The DA reaction of 1,8-dichloroanthracene 1 with 1-cynavinyl acetate 3 afforded 6 anti, 6 syn, and 6 dec. The steric effect of acetoxy substituent, beside the nitrile group on the dienophile, slightly increases the formation of regioisomer 6 anti, since the ratio of 6 anti: 6 syn: 6 dec regioisomers is 2.7:1:2.5, respectively. In case of 10-allyl-1,8-dichloroanthracene, only anti isomer had been obtained when allowed 10-allyl-1,8-dichloroanthracene to react with the same dienophile 1-cyanovinyl acetate 3. This may be attributed to the strong steric effect of the ally substituent [25]. Interestingly, the tracing of these isomers on TLC using the solvent system EA/PE 1:5 showed that Rf of 6 anti is the largest one and Rf of 6 dec is larger than 6 syn (Figure S3). After immersing this TLC in vanillin stain, the 6 anti and 6 syn exhibited yellow color, but 6 dec did not. However, the 6 dec spot was the most fluorescent under the UV lamp. Furthermore, the migration of these compounds on the TLC plate was consistent with their chemical nature, as the 6 anti and 6 syn had two chlorine atoms, but the 6 dec did not. The NMR signals assigned to the bridge-head protons are presented in the Table 2. It is clear that isomer 6 anti is the major, because the steric effect resulted from the acetoxy (OCOCH3) and nitrile (CN) groups. The bridge-head proton H-9 of the isomer anti 6 appeared at δ 5.12 ppm and assigned as singlet, on the other hands, the proton H-10 appeared at 5.38 ppm as triplet with coupling constants J 2.8 Hz, while the signal of the corresponding proton H-9′ of the isomer syn 6 appeared at δ 4.41 ppm, as triplet with coupling constants J 2.8Hz, indeed, the proton H-10′ appeared at δ 6.09 ppm as broad singlet, as well, the proton H-9″ of the dechlorinated isomer dec 7 appeared at upfield δ 4.36 ppm, as triplet, with coupling constants J 2.0Hz. Finally, the proton H-10″ appeared at δ 5.07 ppm as singlet. The upfield shifting of the H-9″ signals in the isomer dec 6, comparison to the isomer anti 7, may be attributed to the absence of chlorine atoms (Cl).
The DA reaction of 1,8-dichloroanthracene 1 with phenyl vinyl sulfone 4 gave the isomers; 7 anti, 7 syn, and 7 dec in a ratio 6.58:1.70:1, respectively, as deduced from NMR spectrum of their crude (Table 3, Figures S4 and S5). It is clear that isomer 7 anti is the major, because the steric effect resulted from the bulk phenyl sulfone group. In case of DA reaction of phenyl vinyl sulfone 4 with 10-allyl-1,8-dichloroanthracene, anti and syn isomers were obtained in a ratio 2:1 [25]. The increasing ratio of 7 syn may due to the steric hindrance of the phenyl group, and its close position to the allyl substituent that enforces the formation of the syn isomer in a more quantity than in case of 1,8-dichloroanthracene 1, where no allyl substituent [25]. The signal that assigned to bridge-head protons H-9 and H-10 of the isomer anti 7 appeared at chemical shifts δ 5.31 ppm, as triplet, and δ 4.82 ppm, as doublet, with coupling constants J 2 and 2.6 Hz, respectively, while the signal of the corresponding proton H-9′ of the isomer syn 7 appeared at chemical shift δ 4.31 ppm, as triplet, with coupling constants J 2.6, and its signal assigned to the proton H-10′ appeared at δ 5.56 ppm as broad singlet.

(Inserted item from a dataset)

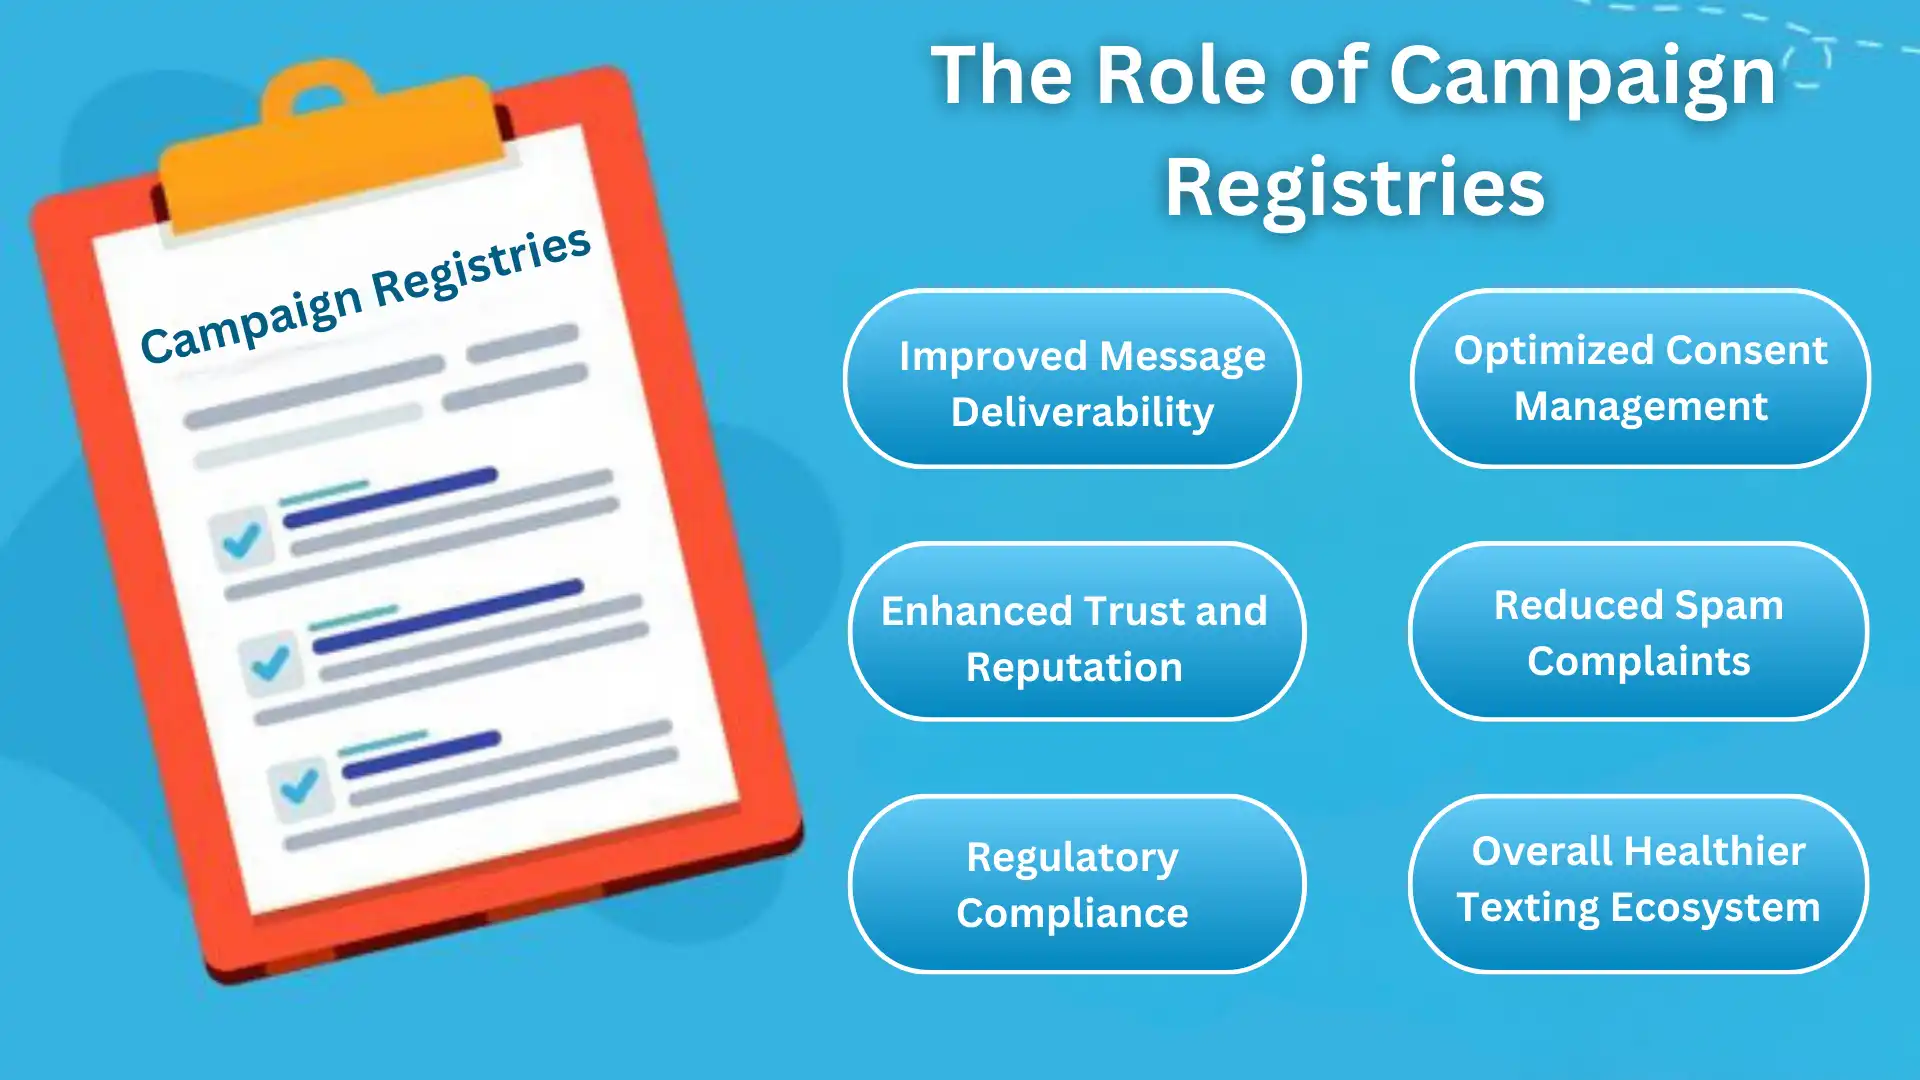 The Role of Campaign Registries

Moreover, the signals assigned to the protons H-9′’ and H-10″ of the dechlorinated isomer dec 7 appeared at upfield chemical shifts δ 4.25 ppm, as triplet, and 4.71 ppm, as doublet, with coupling constants J 2.4 and 2 Hz, respectively. The upfield shifting of the H-9″ and H-10″ signals in the isomer dec 7, comparison to the isomers anti 7 and syn 7, may be attributed to the absence of chlorine atoms (Cl). The H-NMR signals assigned to the 7 dec is well-matched to the signals of this compound reported in the literature [26]. It is noteworthy to report, here, that the obtaining unexpected dechlorination products 5 dec, 6 dec, and 7 dec is establishing a new dechlorination method that could be utilized and developed in the field of removal of chlorinated aromatic pollutants.
The ketone 8 was obtained in a 100% yield from the hydrolysis of cycloadduct 6 anti, using 14 % aqueous solution of KOH in THF/MeOH, (Scheme 2, Figures S6 and S7).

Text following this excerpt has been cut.